Он и сам учился по этой книге и других учил с наслаждением. Завелись у него знакомства среди артистов, и в этом кругу Любиков прослыл как бы наставником, без которого не понять то, что происходит нынче в мире. И звонит одна подруга другой: «Адочка, вы не живете, а спите, вы не видите того, что делается.
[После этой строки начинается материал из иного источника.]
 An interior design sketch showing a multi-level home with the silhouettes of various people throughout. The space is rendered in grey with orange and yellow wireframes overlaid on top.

Я также спала, пока меня не разбудил Петр Аркадьевич Любиков». А по вечерам после службы Любиков излагает людям мысли, которые он взял из бойко написанной книги, и повторяет стихотворные цитаты и остроты, взятые оттуда же.
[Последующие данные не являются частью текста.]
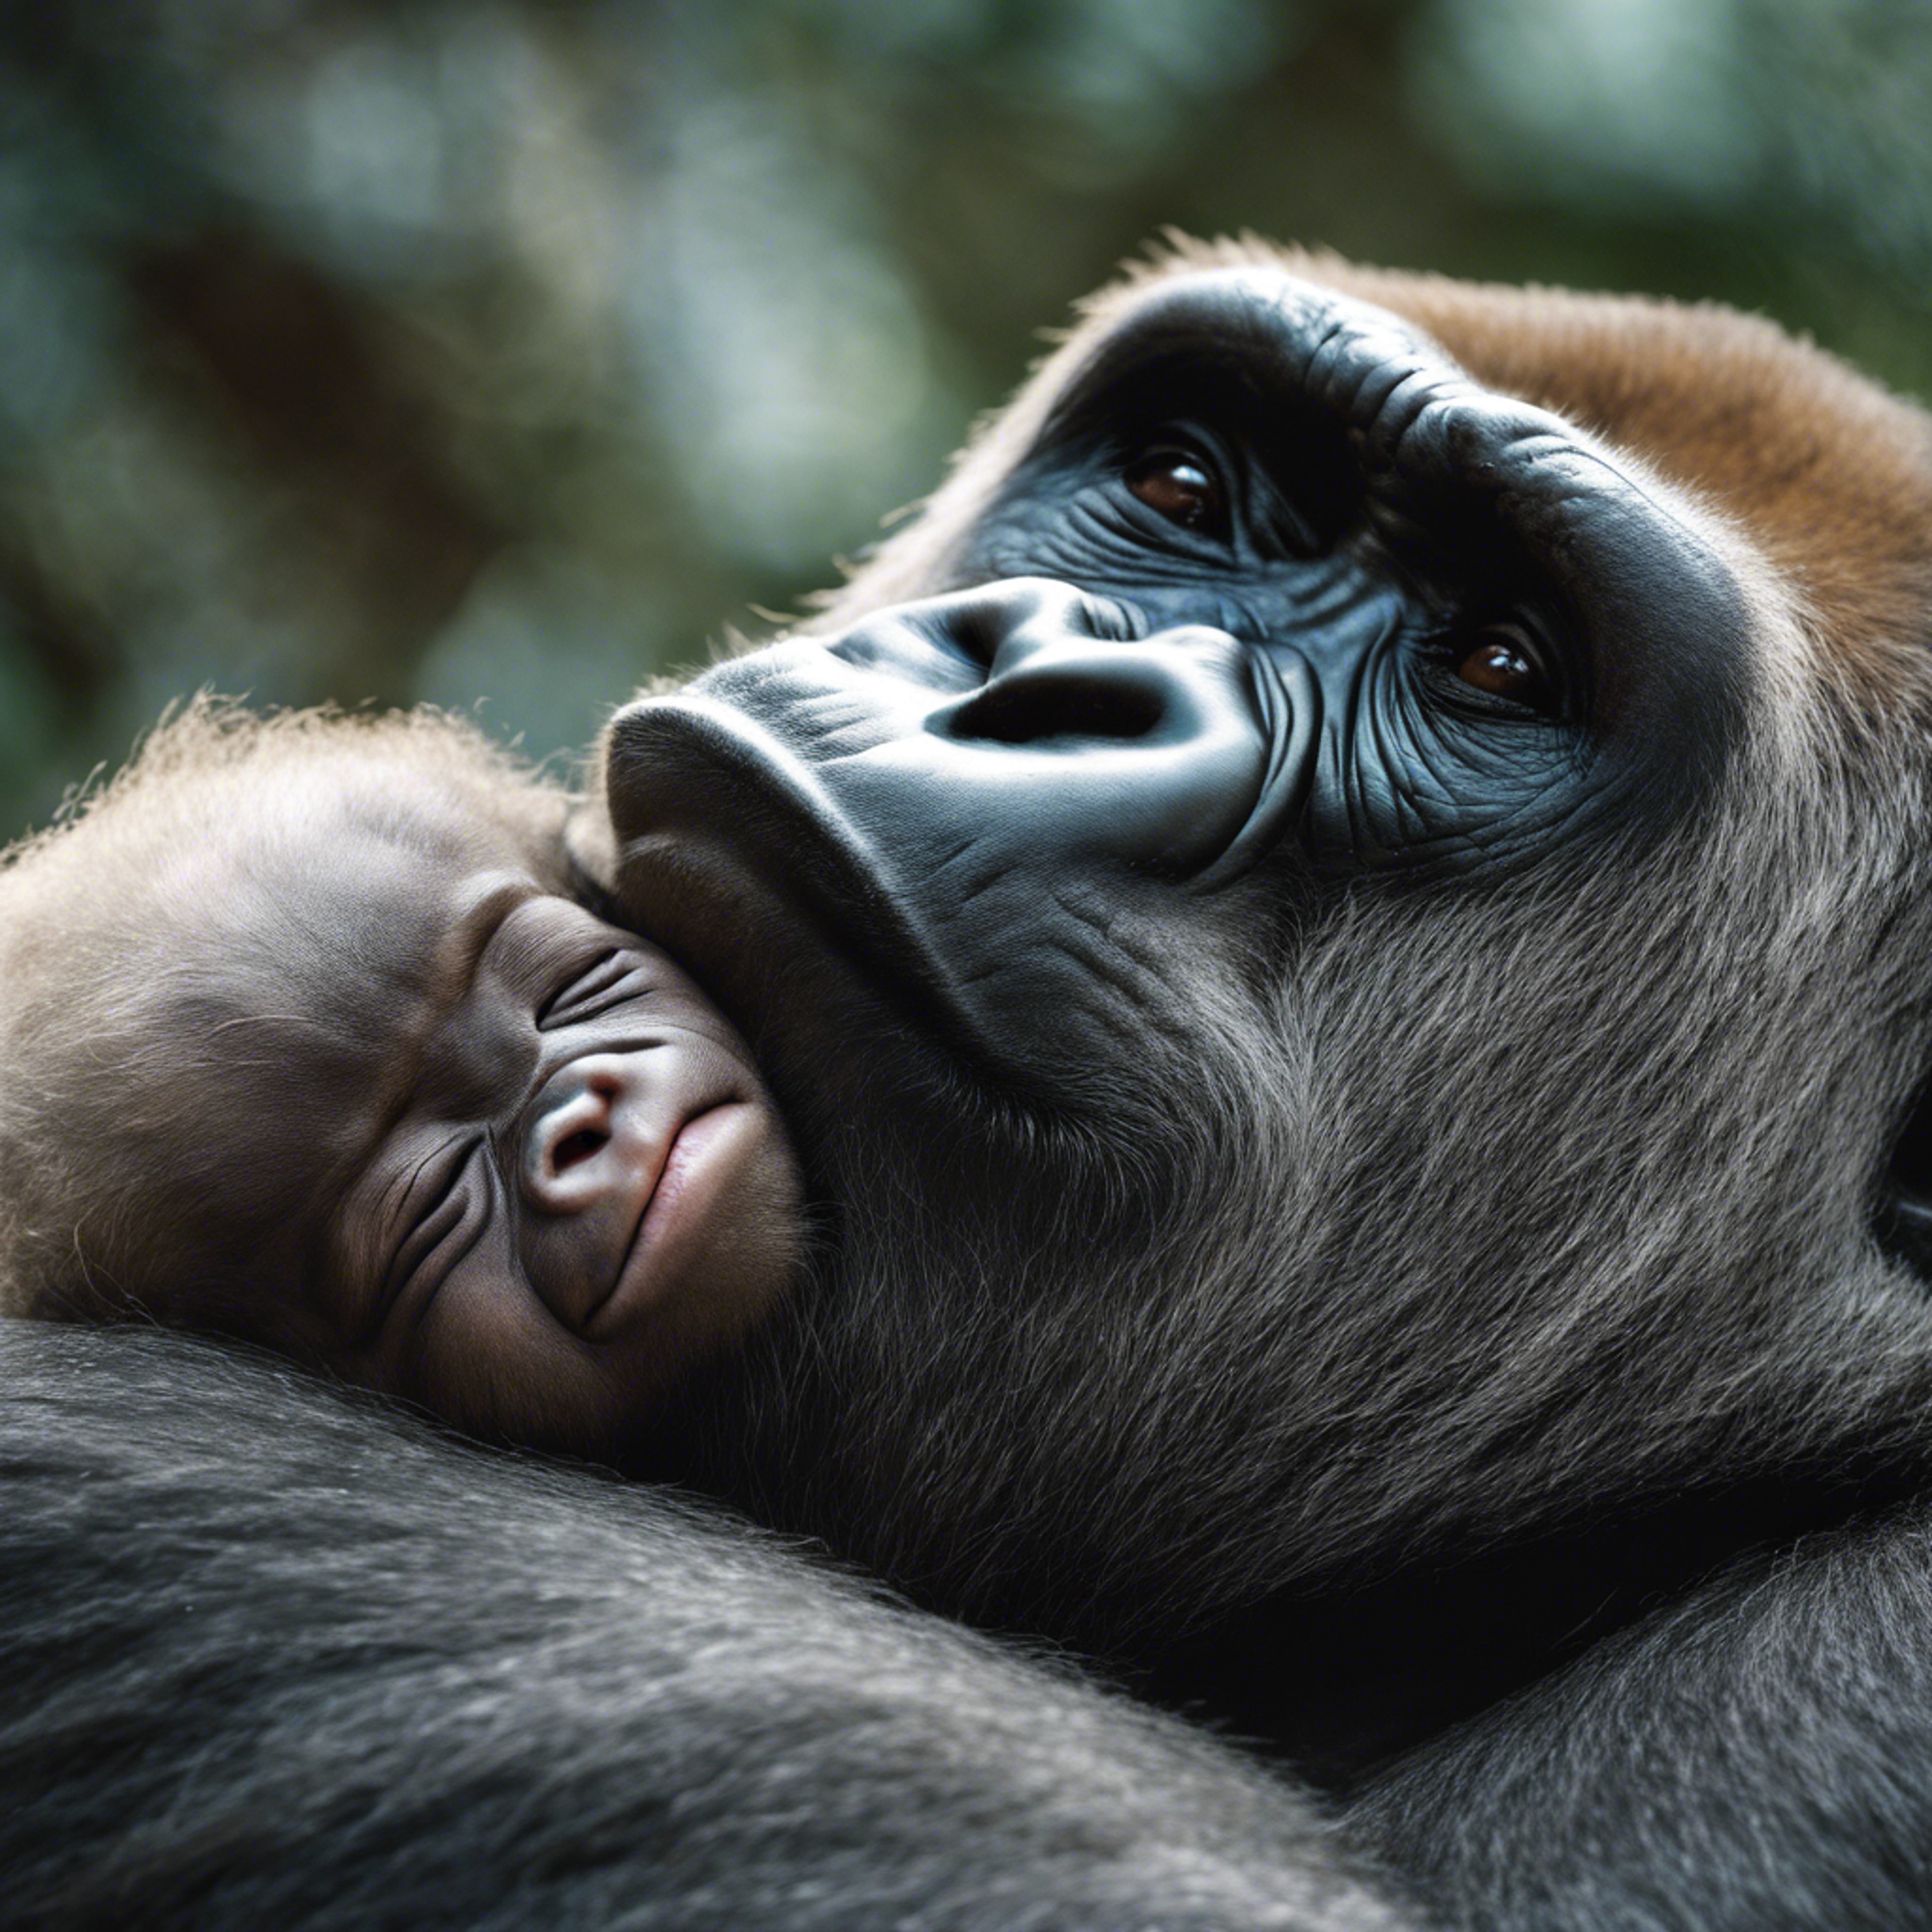 A close-up, emotional study of a gorilla mother's face as she cradles her sleeping newborn. 牆紙[516e0f2ed6254482ad03]

— В средние века схоласты в Париже спорили, какого роста был Адам и был брюнет он или рыжий. Этим, в сущности, и занимается теперь буржуазная наука на Западе. Ха-ха-ха-а!

Как доверчиво слушают его эти люди, как много нового знает их наставник!

В те годы Любиков в совершенстве постиг то, что он называл «искусством легкого ухода от женщины». Делал он это с простотой, поражавшей его знакомых.

…Ада лукаво сообщает своим друзьям, что сегодня удивит их. Вечером у нее накрыт стол. Собираются гости. Из соседней комнаты выходит несколько смущенный Любиков. У него домашний вид. Это муж Ады. Поздравления, веселый ужин. Любиков в ударе. Он снова вспоминает о том, что самые молодые годы он жил как в экстазе.

— Ах, славно было! Повторится ли?

А всего через несколько дней Любиков покидает эту квартиру, оставив Аду такой озадаченной, что она даже не плачет.

И продолжается у него такая же жизнь, такие же легкие уходы.

А дальше что?

Еще бродит в думах то, о чем страстно мечталось в молодые годы. Он не представляет себе, Любиков, какая она, Барселона, или Неаполь, или Питсбург, но едет Любиков по городу, порученному ему, в открытой машине, едет, раскланивается с новыми знакомыми. Или в Женеве.

Правда, осенние бои в Гамбурге проиграны восставшими. Но они могут повториться и не только в Гамбурге. И придет победа. И в один из городов, где победят восставшие, пошлют Любикова. И он видит себя на улице далекого города. И обязательно в открытой машине. Он снимает фуражку и приветственно размахивает ею. Вот так! Все это он представляет себе только в самом общем, как когда-то Гомперса.

Но долго ли ждать? Ведь он все еще только средний деятель районного масштаба.

А скоро Буров, согнувшись от болезни, но все же человек, чье слово остается веским, скажет Любикову при встрече:

— Да есть ли он для тебя, рабочий класс, Любиков?

И Любиков попытается улыбнуться, словно услышал что-то наивное, но не получится улыбка.

В том-то и беда Любикова, что ни в его мыслях, ни в порывах нет места для рабочего класса. Не живет он ни мыслями, ни заботами рабочего и не видит, в чем растет та сила, которая освободит и Ригу, и Пекин, и Будапешт, где томятся в тюрьмах разбитые в открытом бою повстанцы девятнадцатого года.

Пройдет год, два, три, пять лет пройдет, и скажет устьевец, вернувшись из отпуска:

— Ребята, и до Харькова, и за Харьковом по обе стороны магистрали строят, строят. Все в лесах. Корпуса растут, да какие! Душа радуется и вроде совестно делается. Надо бы на стройку, а едешь на курорт.

Но если Любиков проезжает той же дорогой, то равнодушно смотрит он из вагонного окна. И ни мыслей, ни волнений не возбуждают в нем эти растущие корпуса. И хватает его теперь, так и не вышедшего на большую работу, как он рассчитывал, только на пакостные остроты по поводу недостач, промахов и перемещений людей, которые вчера только были видными или невидными, да на «ха-ха-ха-а!» после этих острот, еще более безрадостное, чем прежде.